Later on, the emergency social worker comes and soon there’s a huddle of them standing together in the corner of the room. A doctor, the nice policewoman, the social worker, and Sylvia, all talking about him with their arms folded. One by one they look at him and shake their heads and even when he tries really hard he can only hear a few words.
“… bronchial pneumonia with complications…”
“… weeks rather than days…”
“… appropriately accommodated… police checked…”
And Sylvia keeps saying, “I could, I could. I’m only part-time at the supermarket. I could. He’s a good lad. He’s saved her bloody life, he has. She always said he was a good kid, Mo did. I’ll have him. Yes, I will.
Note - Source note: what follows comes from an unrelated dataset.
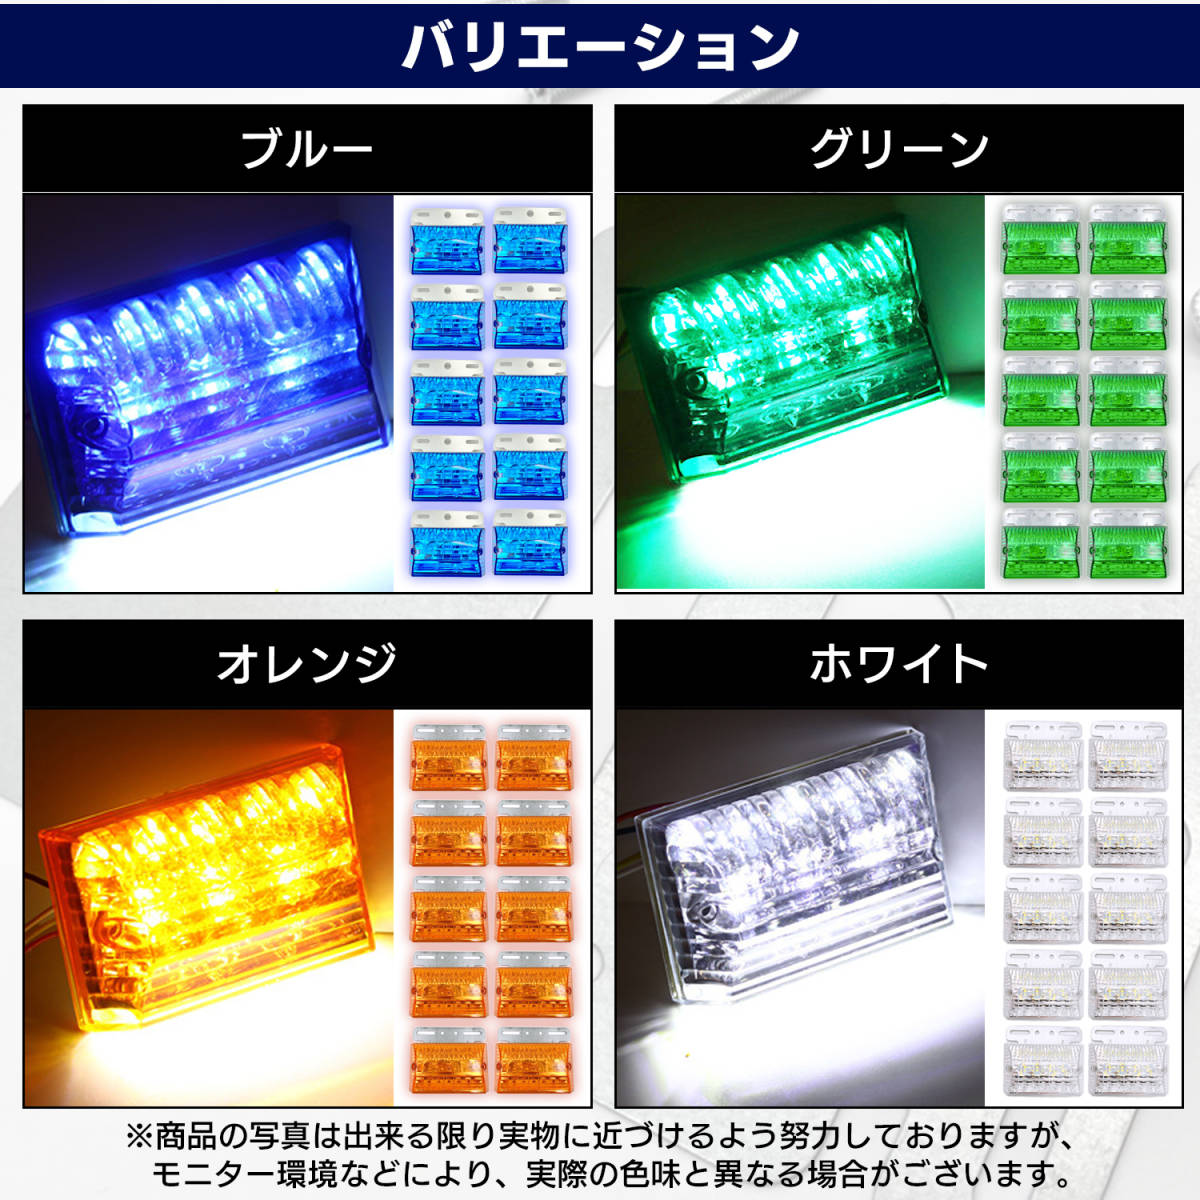 汎用 LED サイド マーカー 24V (オレンジ 10個) トラック デコトラ ダウン ライト ランプ 路肩灯 アンダー ドレスアップ カスタム 角型_画像6

Bless him.”
The social worker starts writing on some paper and says, “Short term, we’re talking short term.”
They all come toward him at the same time.
The social worker kneels down until her face is a few inches from Leon’s. She has glasses that make her eyes look massive like she’s an alien.
“Right,” she says, “you’re going back home to Maureen’s, to your own bed with Sylvia and she will look after you tonight. She’s been a registered carer before, so we’re quite happy she knows what to do. You like Sylvia, don’t you? Good, good. You’ve been very grown up, Leon, and everyone is really proud of you. Maureen will be in the hospital for a little while and tomorrow we will work out what will happen to you long term. Obviously we will try to keep you at home. I think you’ve had a pretty rough time lately and we don’t want to add to that, do we?”